O terceiro projeto que destaco reúne gente graúda e está sob o comando do César Souza, do Grupo Empreenda, e do Alexandro Barsi, da Verity Group. Com o Movimento #VamosVirarOJogo, eles estão reunindo empresários e gestores dispostos a compartilhar práticas e ideias capazes de ajudar as empresas a superarem os obstáculos impostos pela crise atual. Mais de 300 empresas já assumiram o compromisso de atuar no movimento:

“A frase “Há vida após o Covid-19” nos inspirou a estruturar o movimento. As lideranças empresariais devem compreender que virar o jogo passa, necessariamente, por assumir um verdadeiro compromisso, com muita inovação e criatividade para a reinvenção dos negócios, considerando oportunidades ainda não percebidas. Levando em conta o ecossistema de toda a cadeia de valor das empresas, é necessário que todos deem o melhor de si, com foco em soluções para o futuro e superando medos e angústias naturais em meio às turbulências que vivenciamos. Reinventar á a palavra de ordem”. César Souza.

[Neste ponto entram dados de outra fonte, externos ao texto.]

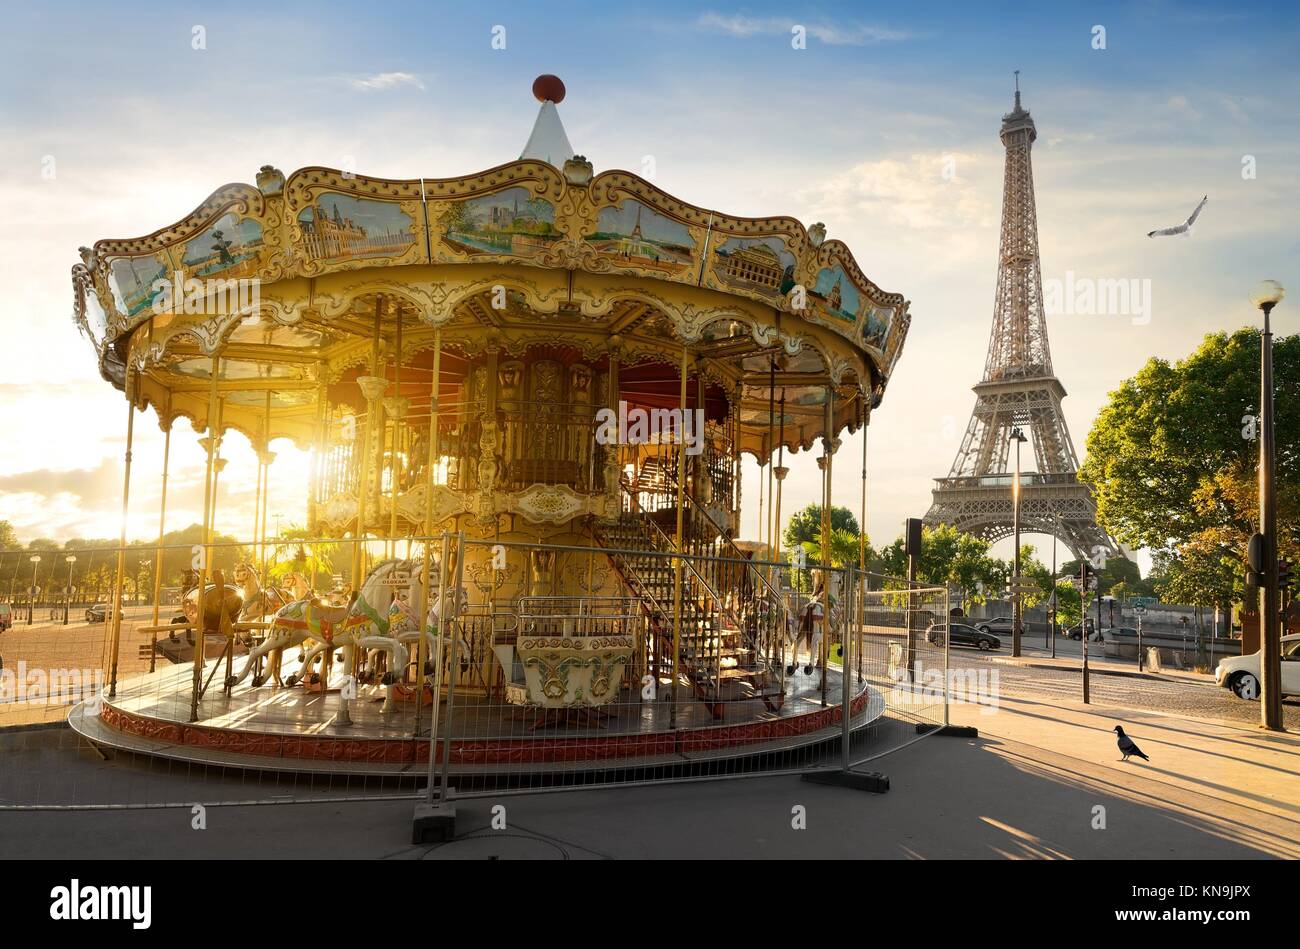 Carousel in park near the Eiffel tower in Paris. Stock Photo

Todas essas iniciativas nos revelam que existe gente interessada em espalhar o bem. Talvez sejam as mesmas pessoas que sempre atuaram assim, antes da pandemia se apresentar. E sejam as mesmas que continuarão acreditando nestas práticas após a crise passar.

 

A esperança que sempre deposito é que essas ações ao estenderem a ajuda a outras tantas pessoas façam dessas outras pessoas e de todos os que foram impactados, direta ou indiretamente, embaixadores do bem, criando um ciclo virtuoso. É a minha esperança; se esta vai se tornar realidade somente saberemos ao longo do tempo. Prefiro acreditar que sim. Fica mais fácil atravessar o drama que estamos assistindo neste momento.